The statue was set against a river panorama of blue sky and ephemeral mist slowly yielding to a rising sun. A plaque indicated that this was the Freedom Crossing Monument, only one of two monuments in the US that honors the heroics of fugitive slaves and the people who helped them. The plaque explains that where I stood was an important last stop in the Underground Railway for slaves escaping to Canada and out of the reach of bounty hunters.

I circled the monument to look at it from all angles and it changed as I moved through the dappled light steaming from the nearby tree canopy: the figures seemed to move and change expression. I saw Moses with his staff ready to part the waters to freedom, I saw an old Adam reaching for the hand of God, and I saw the mother and child Pietà.

I continued on and the paved road gradually took me down to a modern marina at river’s edge. The old man was replaced by a Harbor Master, and he stood outside his small but well-appointed office. The fishing boats and dusty lures and cot and appliances and candy had all been replaced by pleasure craft and a telephone, computer, and printer/copier/fax machine. The Harbor Master said he didn’t rent fishing boats (that made me sad), but that the fishing had revived since the days of heavy river pollution (that made me happy). I stood at the end of the dock and looked up and down the river and it all looked the same: the river was still broad and moved fast, and the banks were still heavily wooded. The statue of General Brock still stood on its high column half way up the Niagara Escarpment on the Canadian side.

This was the spot where American forces crossed the Niagara River to Queenston Heights to engage the British in the opening battle of the War of 1812. Lewiston to Queenston is the most obvious crossing place if your intent was to establish a strategic foothold in Canada — Lewiston is not far from Port Weller, where the Welland Canal would eventually be built.
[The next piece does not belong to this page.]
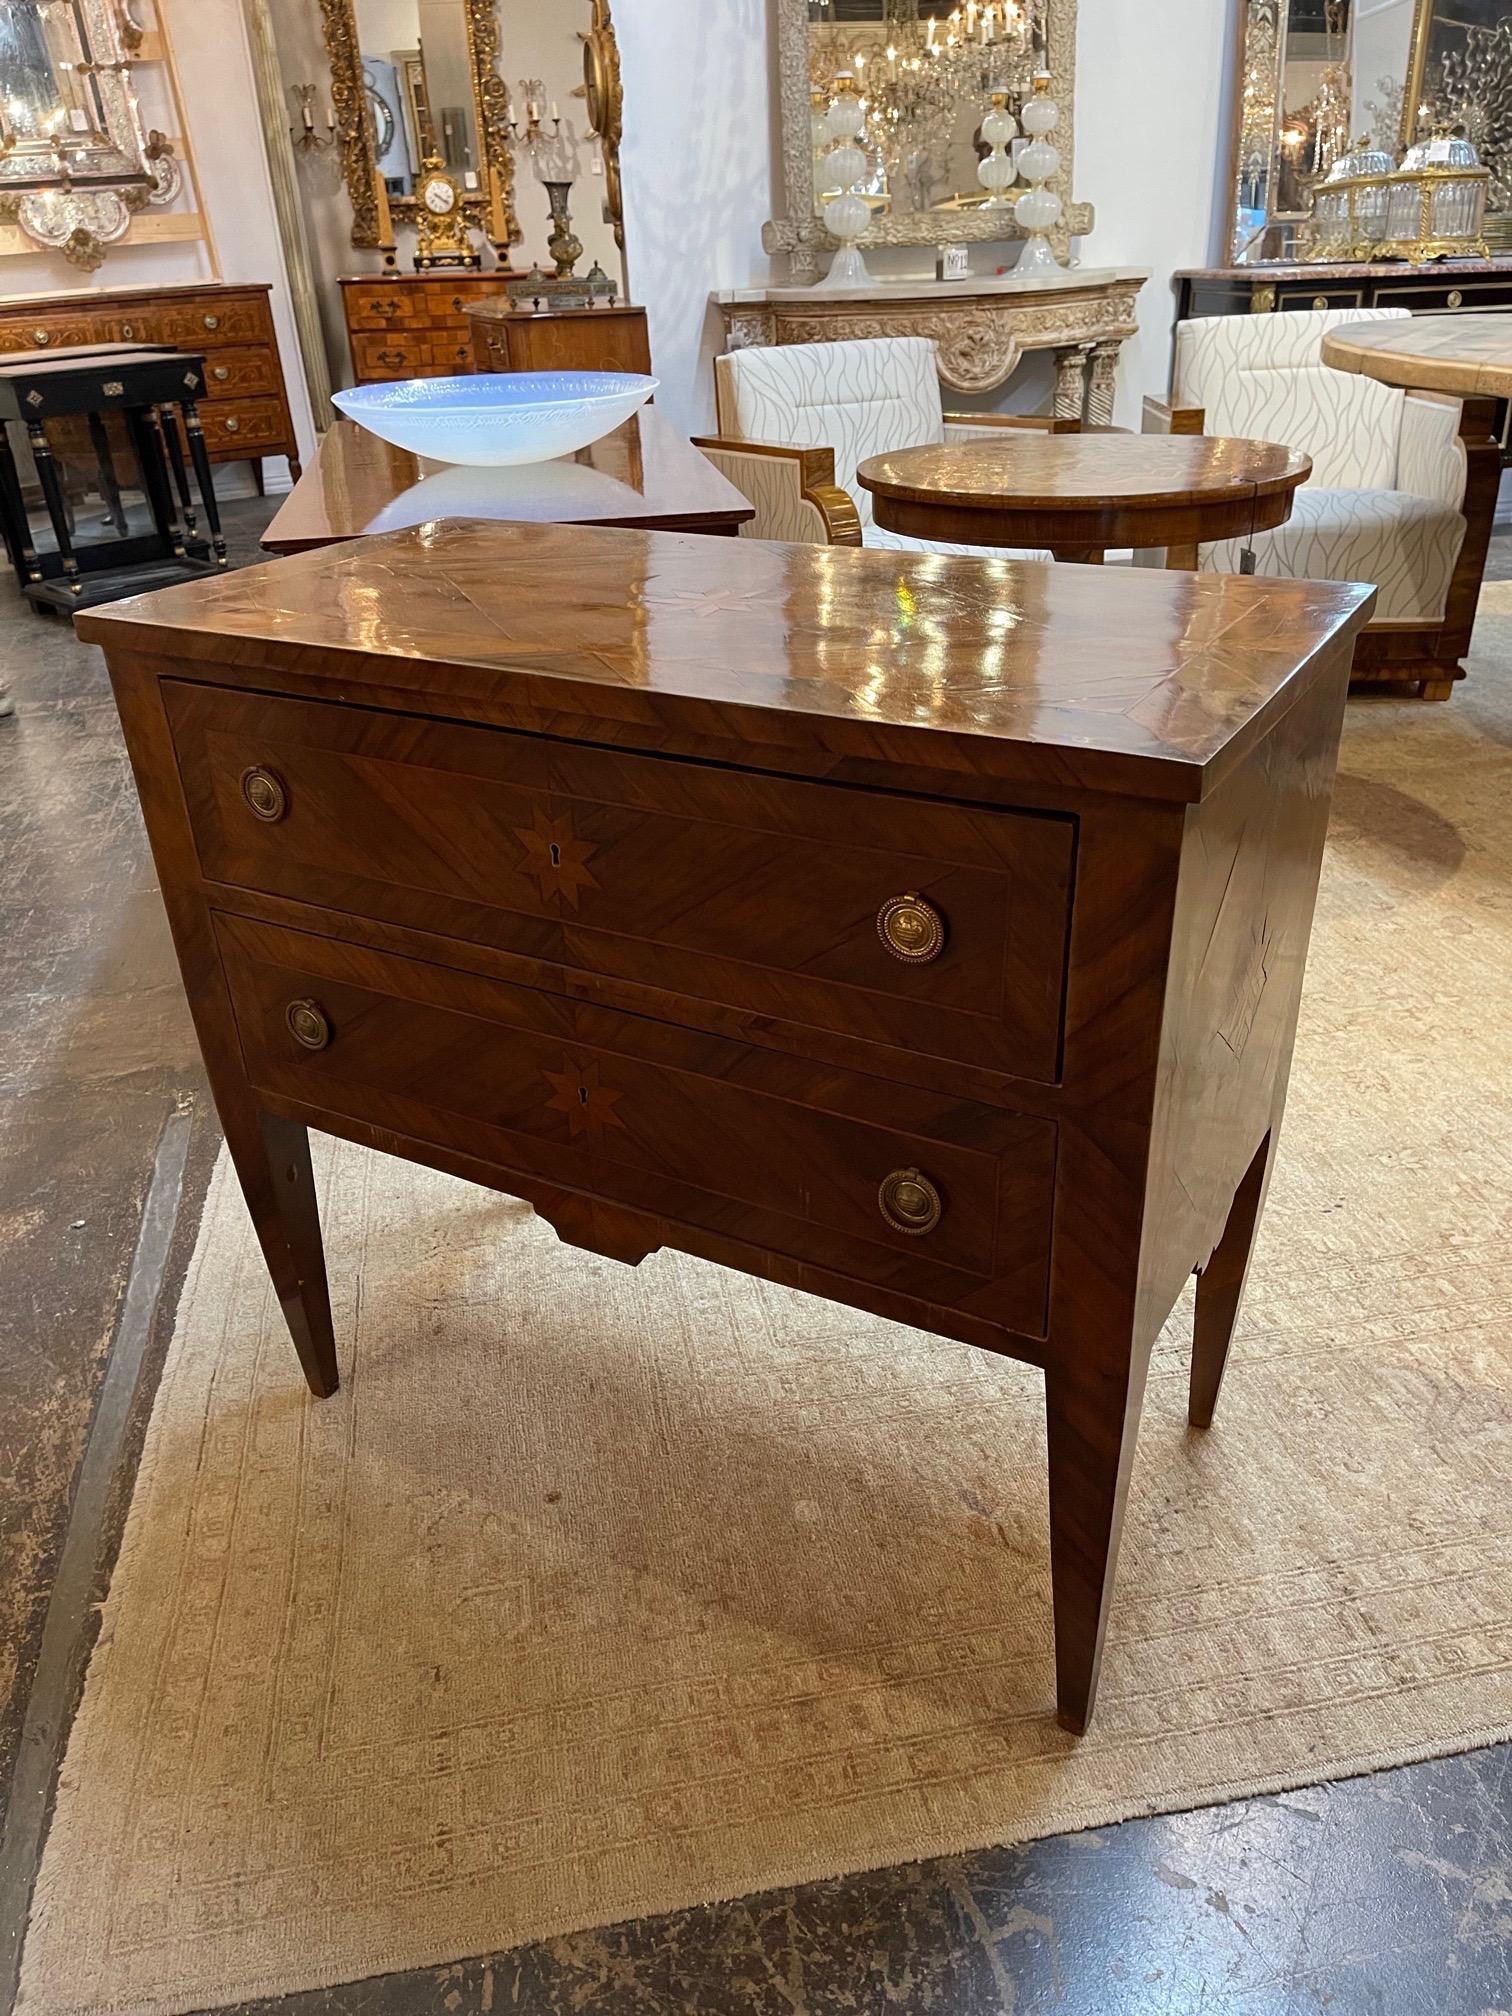 Gorgeous 18th century neoclassical walnut 2-drawer chest. Beautiful inlaid wood including a star shape. The finish is amazing as well. A beautiful piece!!

But the British, most of whom were former American loyalists having fled the American Colonies during the Revolutionary War, beat the shit out of the Americans and sent then limping home; it had to have been a mess and I imagine many wounded drowned trying to get back across the fast current. General Brock was the British commander and was killed in this battle, ergo the monument.

Whenever my Dad and I would return from a long fishing day, as we approached the old dock and he opened the throttle to turn the boat sideways to the current and get it into a slip, he would turn to me and say, Joey, you know they had to take Brock off that pillar last week.” Every time I would say, “How come?” and my Dad would respond, “Because he had to pee.”

A warmth rose from my stomach across my chest and down my arms. I knew it would be a good day.